Rhythm Pharmaceuticals, Inc. (Nasdaq: RYTM), a commercial-stage
biopharmaceutical company committed to transforming the care of
people living with rare genetic diseases of obesity, today
announced that the U.S. Food and Drug Administration (FDA) has
approved the Company’s supplemental New Drug Application (sNDA) for
IMCIVREE® (setmelanotide), a melanocortin-4 receptor (MC4R)
agonist, for patients with Bardet-Biedl syndrome (BBS).
With today’s approval, IMCIVREE is indicated for chronic weight
management in adult and pediatric patients 6 years old and older
with monogenic or syndromic obesity due to proopiomelanocortin
(POMC), proprotein convertase subtilisin/kexin type 1 (PCSK1) or
leptin receptor (LEPR) deficiency, or BBS.

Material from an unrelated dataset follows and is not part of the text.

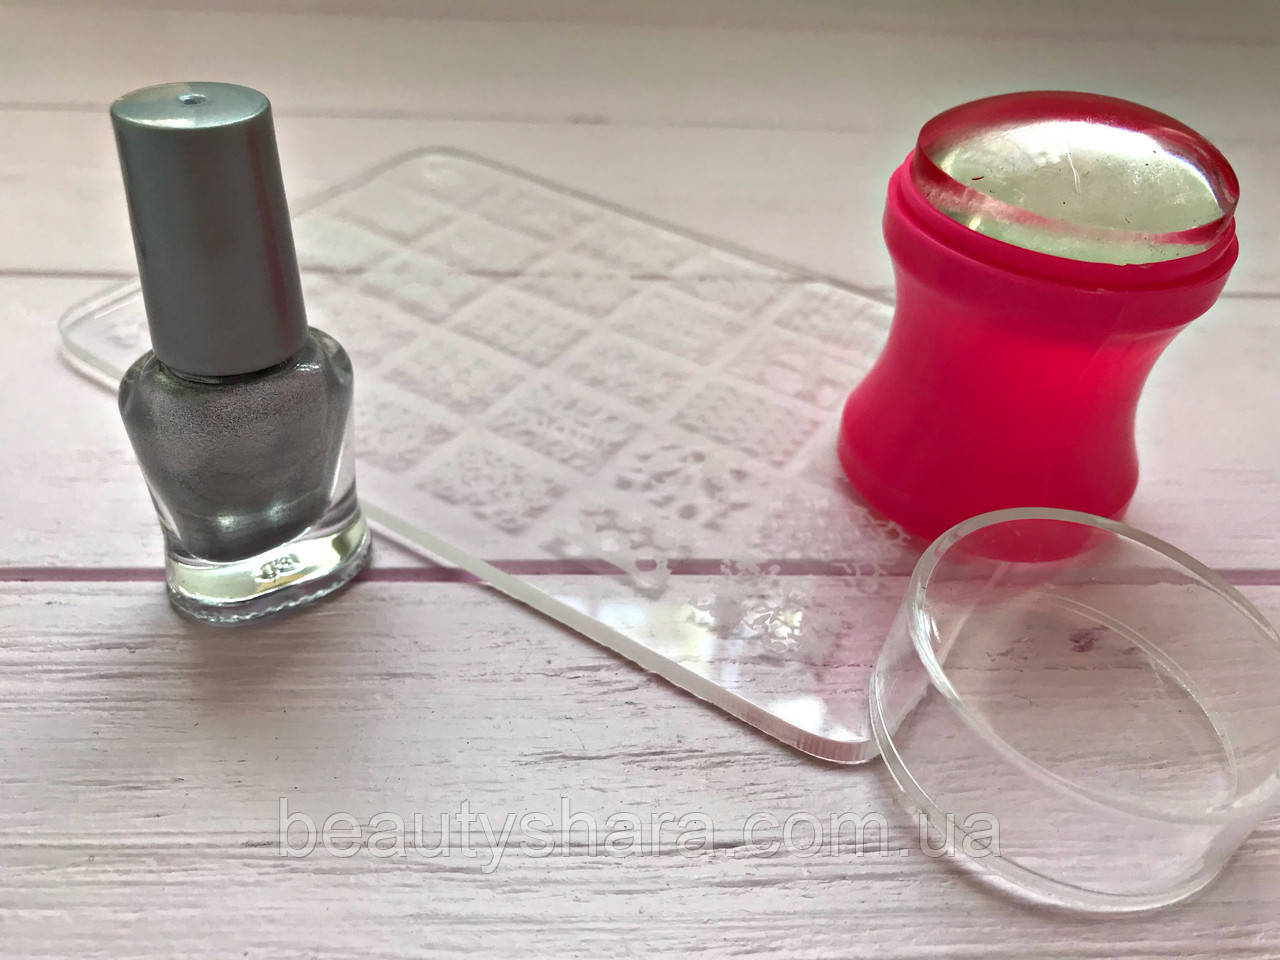 Стемпинг для ногтей + Пластина + Краска для стемпинга Набор
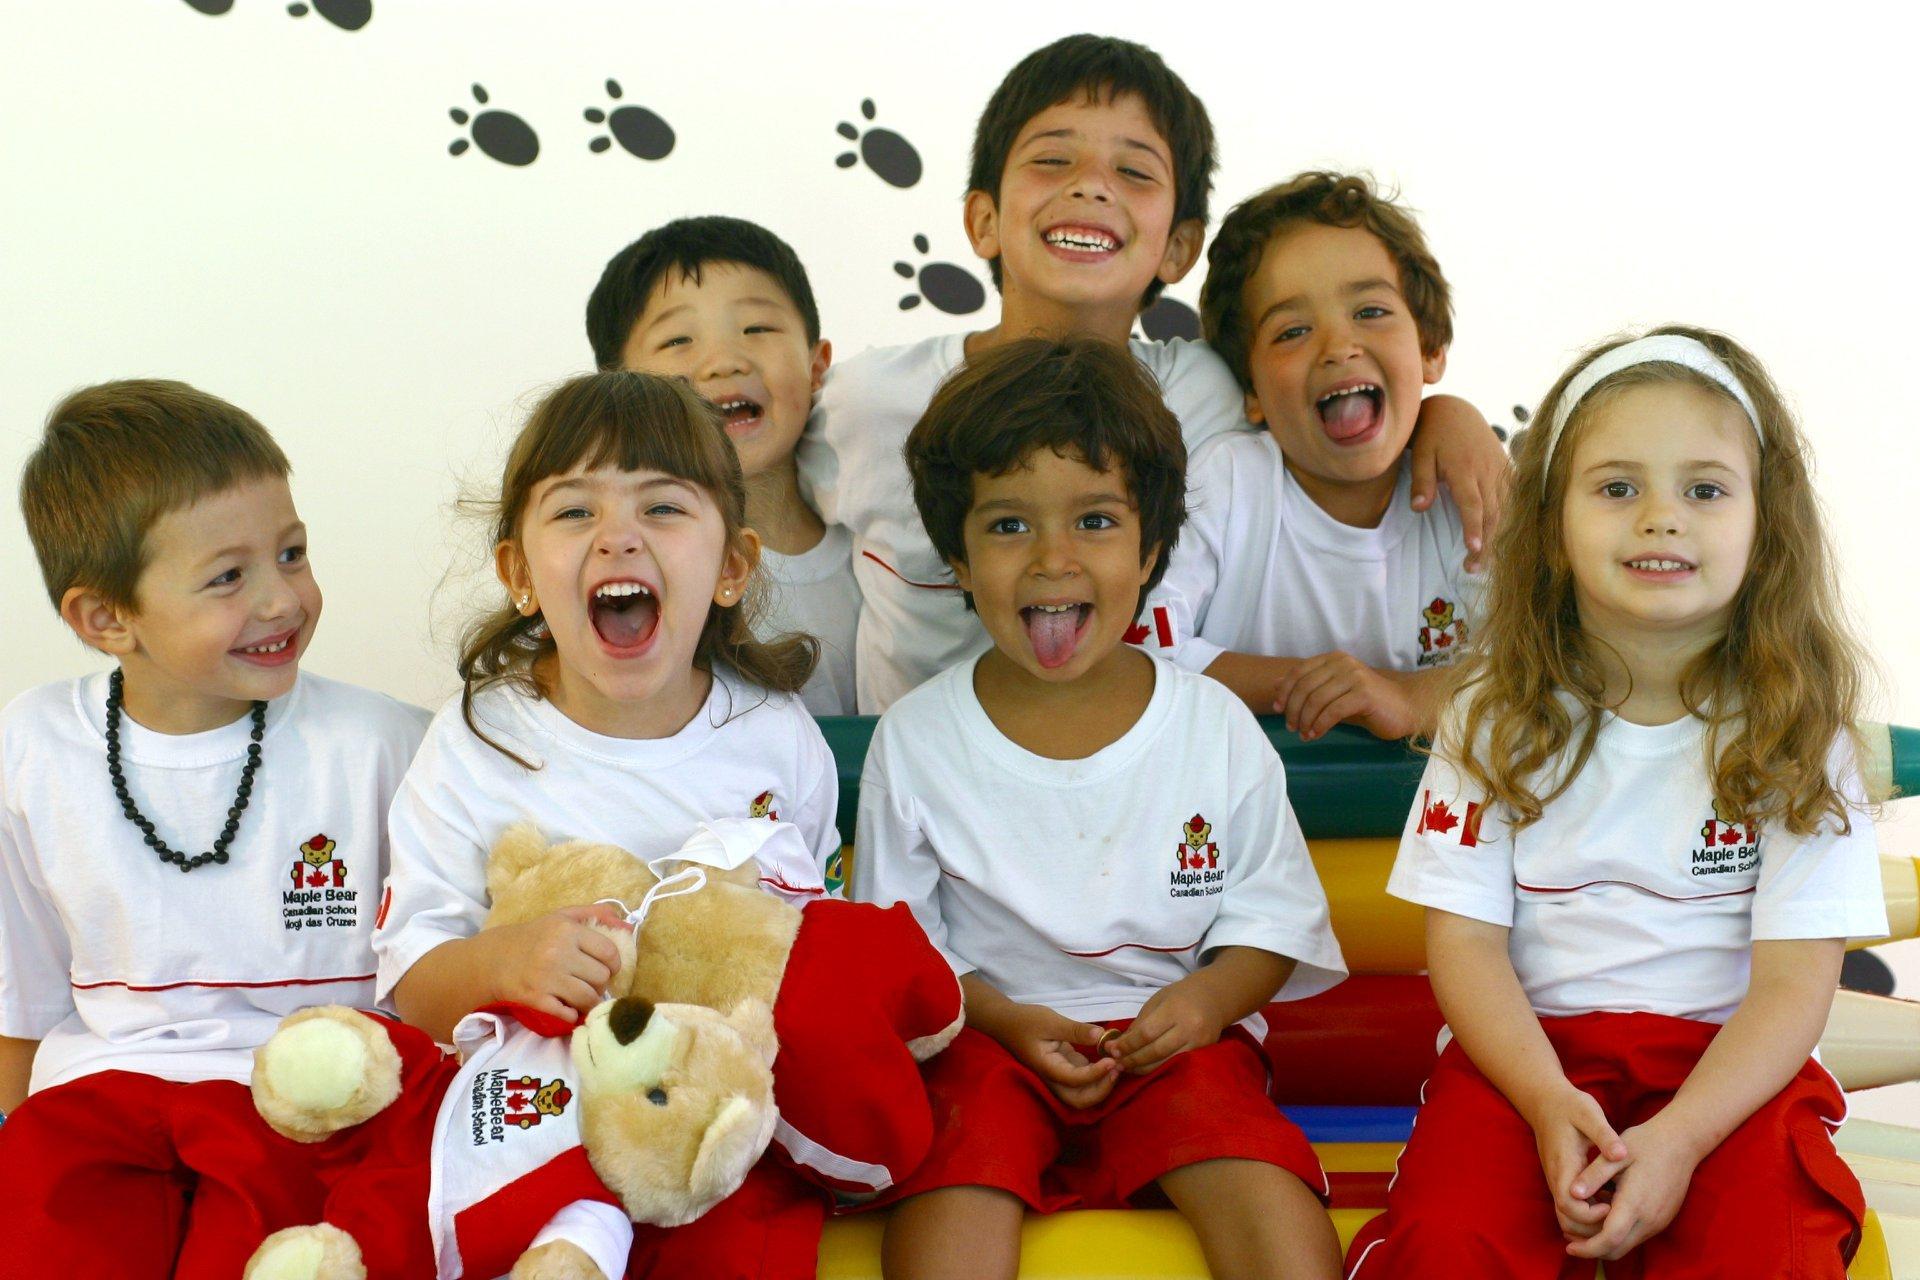 Trường mầm non Canada Maple Bear - Văn Cao, Đằng Giang

“This FDA approval represents a significant milestone for
Rhythm, validating our strategy of developing IMCIVREE for people
with hyperphagia and severe obesity caused by rare MC4R-pathway
diseases and allowing us to provide our precision therapy to an
established community of patients living with BBS and their
families who are eagerly awaiting a new treatment option,” said
David Meeker, M.D., Chair, President and Chief Executive Officer of
Rhythm. “Leveraging the robust infrastructure we put in place
following the initial approval of IMCIVREE for obesity due to
biallelic POMC, PCSK1 or LEPR deficiency and our new high-touch
patient support services to assist patients throughout the journey
from diagnosis to ongoing treatment, we are able to make IMCIVREE
available for BBS immediately. We look forward to delivering this
important medicine to the growing community of patients and
families in need of options that can effectively address the
obesity and hyperphagia that affect many people living with
BBS.”
IMCIVREE was initially approved by the FDA in November 2020 for
chronic weight management in adult and pediatric patients 6 years
of age and older with obesity due to POMC, PCSK1 or LEPR
deficiency. IMCIVREE’s label was updated today to include an
FDA-approved test developed under a post-marketing commitment to
confirm variants in POMC, PCSK1 or LEPR genes
that are interpreted as pathogenic, likely pathogenic, or of
uncertain significance (VUS).
IMCIVREE is not indicated for the treatment of patients with
obesity due to suspected POMC, PCSK1 or LEPR deficiency with POMC,
PCSK1 or LEPR variants classified as benign or likely benign, or
other types of obesity not related to POMC, PCSK1 or LEPR
deficiency, or BBS, including obesity associated with other genetic
syndromes and general (polygenic) obesity.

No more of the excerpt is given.